= Tychonoff plank =

Topological space in mathematics

In topology, the Tychonoff plank is a topological space defined using ordinal spaces that is a counterexample to several plausible-sounding conjectures. It is defined as the topological product of the two ordinal spaces $[0,\omega_1]$ and $[0,\omega]$, where $\omega$ is the first infinite ordinal and $\omega_1$ the first uncountable ordinal.
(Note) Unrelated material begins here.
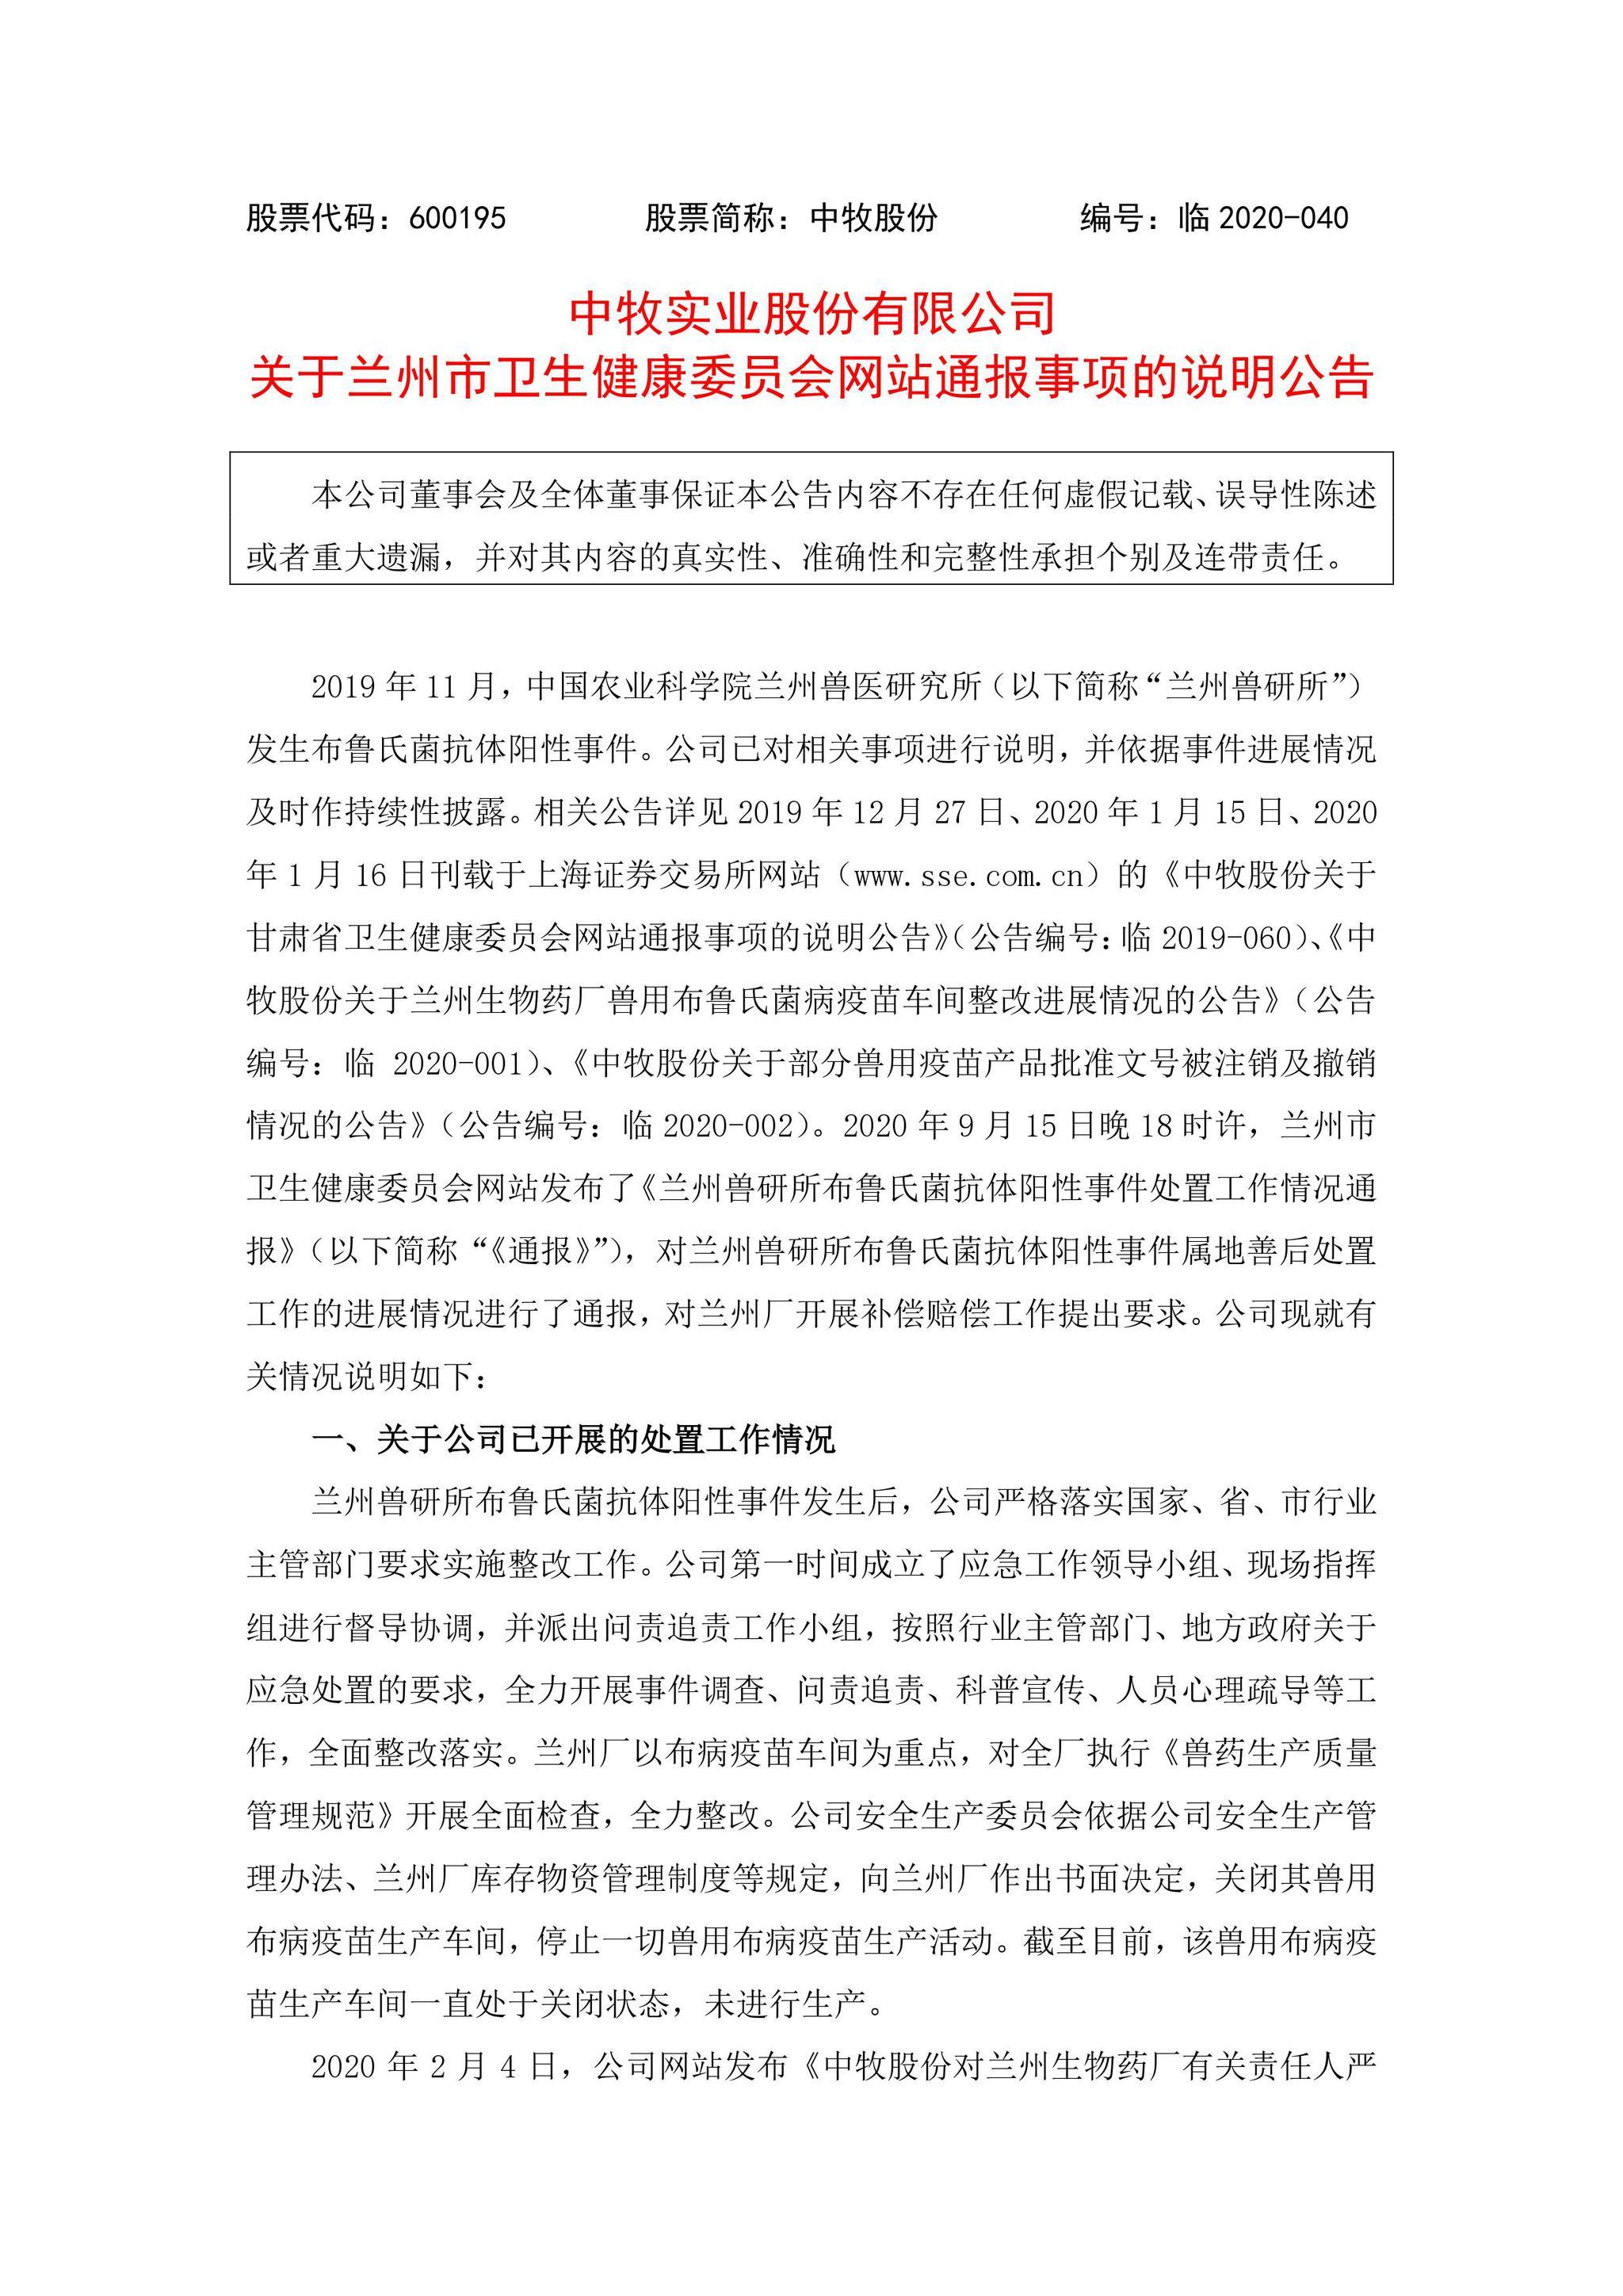 中牧股份:将督促落实布病阳性事件补偿赔偿资金图片

The deleted Tychonoff plank is obtained by deleting the point $\infty = (\omega_1,\omega)$.

==Definition==
Let $\Omega$ be the set of ordinals which are less than or equal to $\omega$ and $\Omega_1$ the set of ordinals less than or equal to $\omega_1$. The Tychonoff plank is defined as the set $\Omega \times \Omega_1$ with the product topology.

The deleted Tychonoff plank is the subset $S = \Omega \times \Omega_1 \setminus \{ (\omega,\omega_1) \}$, where $S$ is the plank with a corner removed.

==Properties==
The Tychonoff plank is a compact Hausdorff space and is therefore a normal space. However, the deleted Tychonoff plank is non-normal. Therefore the Tychonoff plank is not completely normal. This shows that a subspace of a normal space need not be normal. The Tychonoff plank is not perfectly normal because it is not a G_{δ} space: the singleton $\{\infty\}$ is closed but not a G_{δ} set.

The Stone–Čech compactification of the deleted Tychonoff plank is the Tychonoff plank.